Finally, the man lowered the arrow. He turned around and walked back into the forest until he was swallowed by the trees.
I watched and waited, thinking he would come back and shoot me. Then I was afraid he wouldn’t come back at all. He could help heal Jake better than I could.
I carefully placed Jake’s upper body back on the ground and took off into the trees after the man. I ran, tripping over roots, my hair wild in my face, as I searched for him. Despite the cowhide smell from his clothes, I couldn’t track him, couldn’t follow his path. I turned around, feeling lost and trapped, and realized I was alone and had left Jake undefended.
I began to panic and tried to follow my tracks back the way I came, my senses warped and frayed. Just when I thought I was following the right trail, I heard another snap behind me.
I whirled around and waited, my breathing short and tense, my nerves fried. I felt like something was watching, but who? The man? Or something else?
“Hello?” I said, trying to sound forceful. “Is anyone there?” I tried to repeat the same thing in Paiute as best I could.
Only silence. Was there an arrow to my head or was it all in my imagination?
I breathed in deep, expecting to find traces of rotten death in the air but instead there was something else. Something I’d smelled before yet couldn’t place for the life of me. My heart was racing too fast, the whoosh of my blood too loud in my ears for me to pick up anything but my own fear and desperation.
Another snap came rattling through the deep woods.
Then another.
In the shadows something was moving, coming toward me at a steady pace.

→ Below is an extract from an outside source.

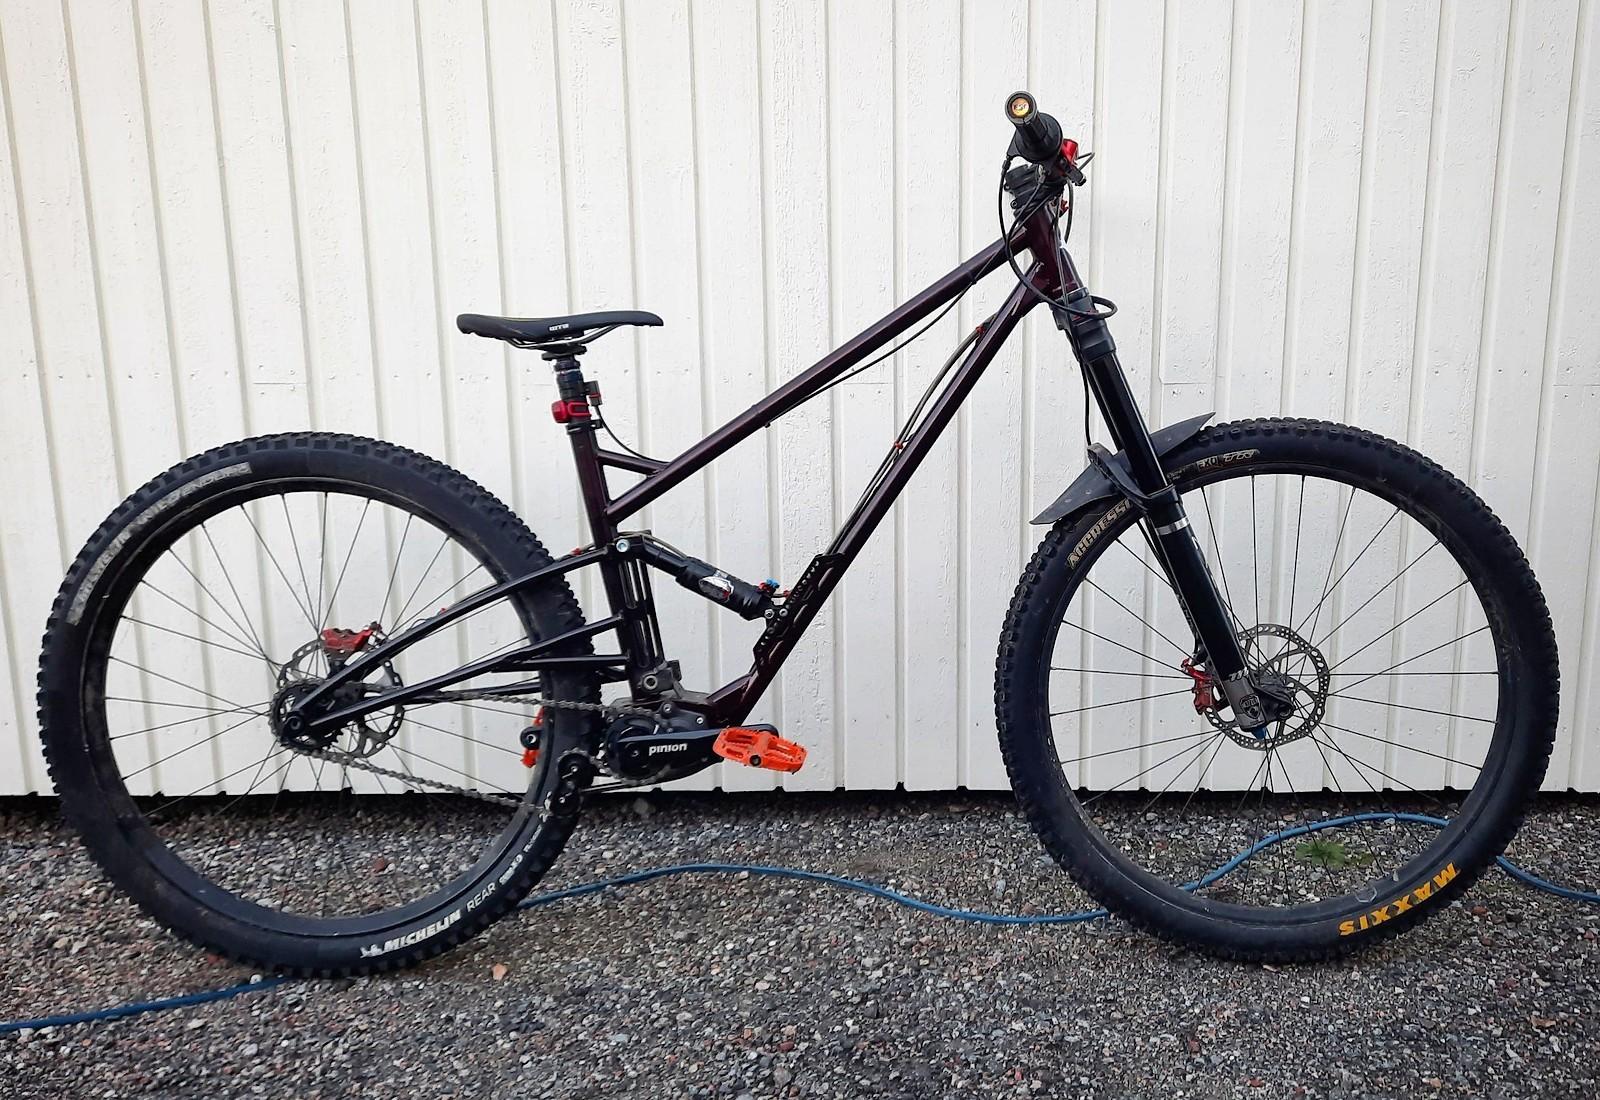 Dead Horse Pinion - Vital Bike of the Day December 2020 - Mountain Biking Pictures - Vital MTB
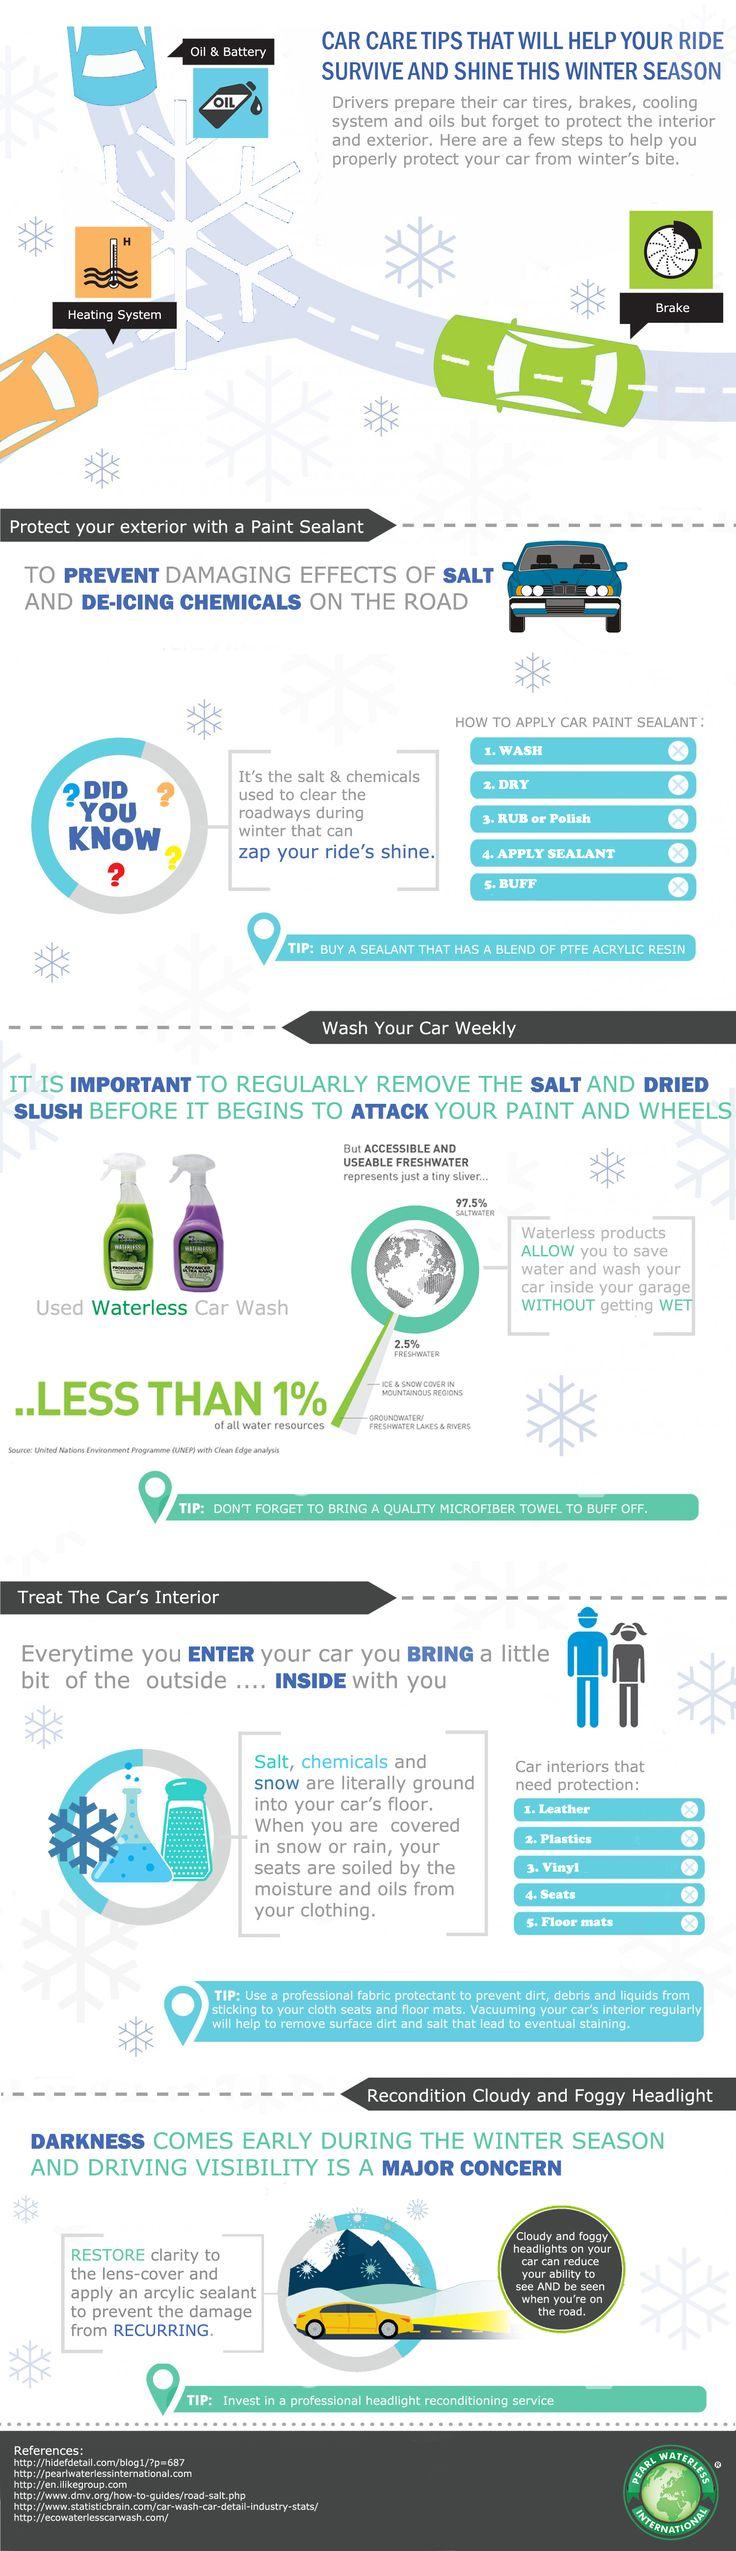 Winter car care tips by pearl waterless car wash pearlwaterlessinternational com

I had no weapons. I had nothing.
With my heart in my throat, I turned around to flee.
“Eve?”
Someone called my name.
Not just any someone.
I stopped and looked over my shoulder.
Stepping out from between the pines were the two Indian fellows I had originally met, the ones that looked the same. They had their hands raised in peace with concerned looks on their faces.
And behind them was a tall white boy with golden hair.
“Avery!” I cried out, unable to believe it. I blinked a few times before I started running toward him. He ran to me and caught me just as my legs gave out, my whole body succumbing to the relief and exhaustion.
“Careful,” he said with a chuckle. “I’m not one hundred percent yet.”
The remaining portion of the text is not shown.